2018/09/12 国立遺伝学研究所
A tRNA-based multiplex sgRNA expression system in zebrafish and its application to generation of transgenic albino fish.
Tomoya Shiraki and Koichi Kawakami
Scientific Reports 8, Article number: 13366 (2018) DOI:10.1038/s41598-018-31476-5
CRISPR/Cas9システムの開発により、ゼブラフィッシュを含む様々な生物種において簡便かつ迅速にゲノム編集を行うことが可能になりました。さらにトランスジェニックフィッシュにおいてCas9遺伝子とsgRNAを発現させ、組織特異的に変異を導入する方法が開発されてきました。しかしながらこれまでの方法では、Cas9による二重鎖切断ののちに非相同末端結合により変異が作製されるため、その変異が必ずしも遺伝子の機能破壊を引き起こさないという問題がありました。
情報・システム研究機構 国立遺伝学研究所の白木知也 特任研究員と川上浩一 教授の研究グループは、この遺伝子の破壊効率を上げ、さらに複数の遺伝子を同時に破壊するために、複数のsgRNAを一つの転写産物から効率よく産生する手法をゼブラフィッシュにおいて開発しました。さらにこの方法を利用して黒色の色素がなくなるアルビノのトランスジェニックゼブラフィッシュ(Tg-albino)を作出することに成功しました。

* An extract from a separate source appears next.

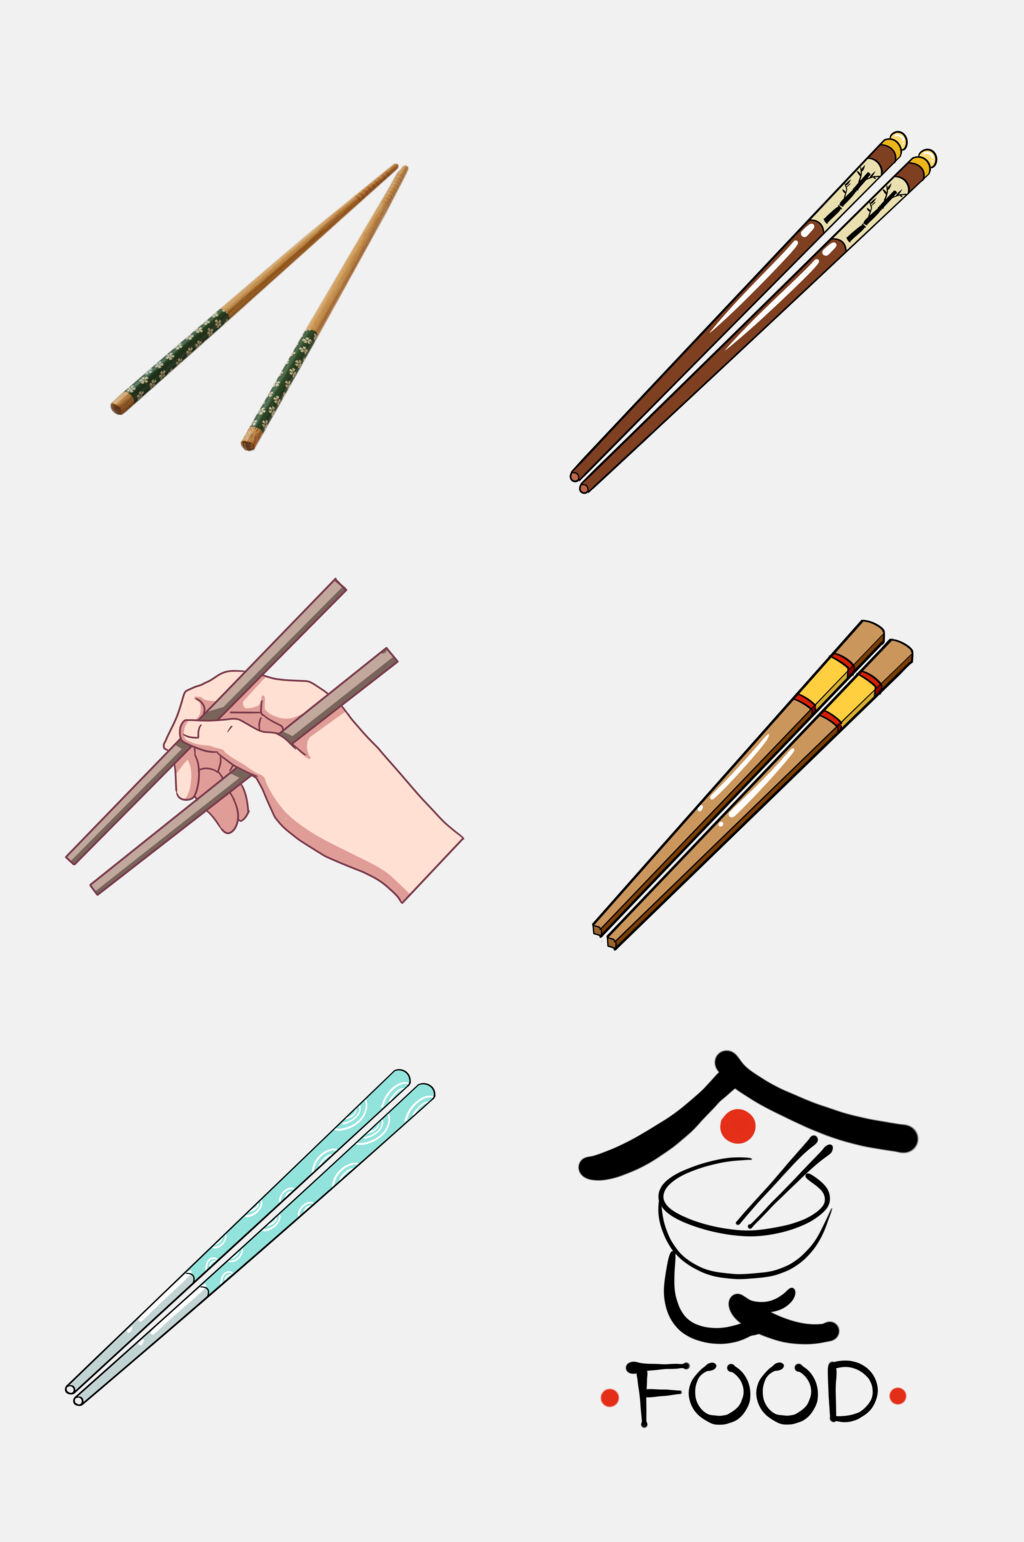 盘子和筷子简笔画图片

本研究では、複数のsgRNAとtRNAを連結した前駆体RNAをトランスジェニックゼブラフィッシュに導入しました。すべての細胞はtRNAのプロセシング機構をもっており、tRNA部分が前駆体RNAから切り出される際に、複数の各々のsgRNAが産生されることを示しました。また私たちは実際に、ゼブラフィッシュのアルビノ遺伝子に対する3種類のsgRNAとtRNAを連結した前駆体RNA、およびCas9遺伝子を発現するトランスジェニック個体においてアルビノの表現型が観察されることを見出しました。

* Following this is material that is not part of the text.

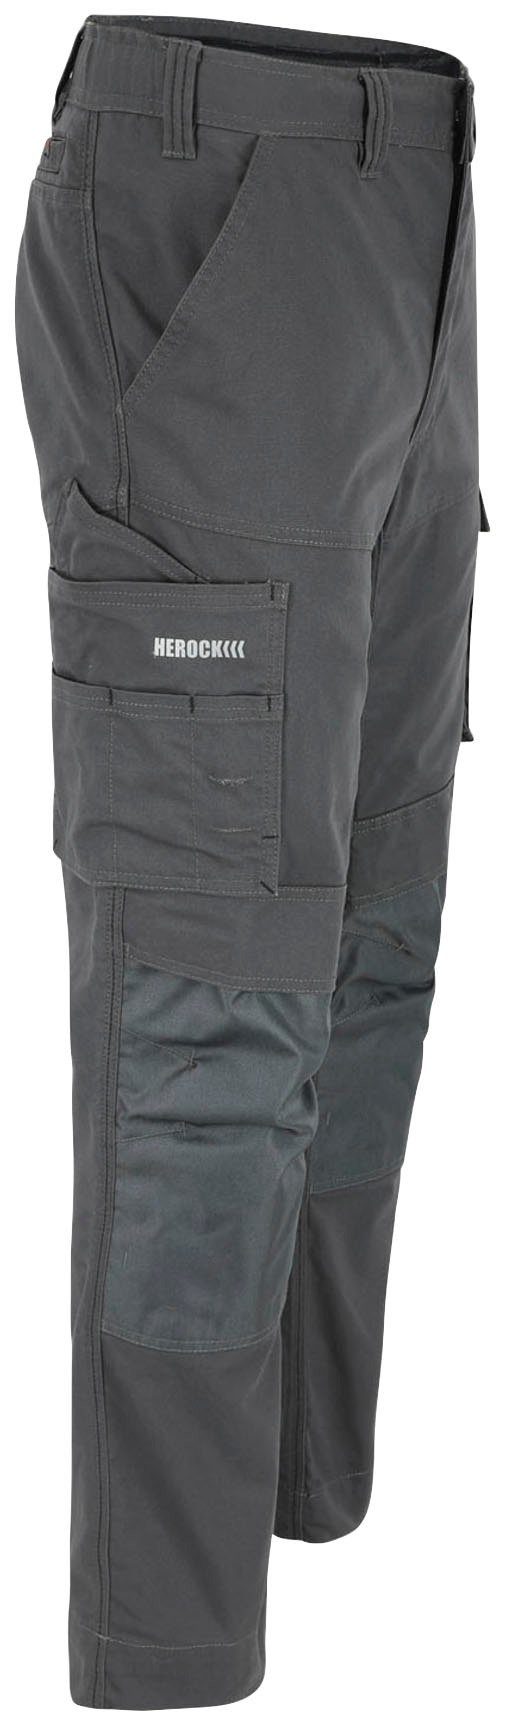 Herock Arbeitshose SOCRES 2-Wege-Stretch, Multi-pocket, beschichtet, grau bequem wasserabweisend

本手法を用いることにより、組織・時期特異的に複数の遺伝子を高効率で破壊することが可能になると考えられ、今後のゼブラフィッシュを用いた遺伝学研究の推進につながると期待されます。
本研究は科研費補助金(JP15H02370, JP16K20983, JP16H01651, JP18H04988)、日本医療研究開発機構ナショナルバイオリソースプロジェクトおよびナショナルバイオリソースプロジェクトゲノム情報等整備プログラムの支援を受けて行われました。
図:(A) tRNAのプロセシングを利用した複数sgRNAの発現方法の概略。 (B) アルビノトランスジェニックフィッシュ(Tg-albino)作製用コンストラクト。albino (slc45a2) 遺伝子に対する3種類のsgRNAを発現する。(C-E) Tg-albinoでは黒色素が消失し、色素合成阻害剤(PTU)処理個体や黒色素細胞のできないnacre変異体と同程度に透明になる。 (C) 三日齢のTg-albino系統。(D)成魚のTg-albino系統。(E) 五日齢のTg-albino系統におけるGFP蛍光イメージ像。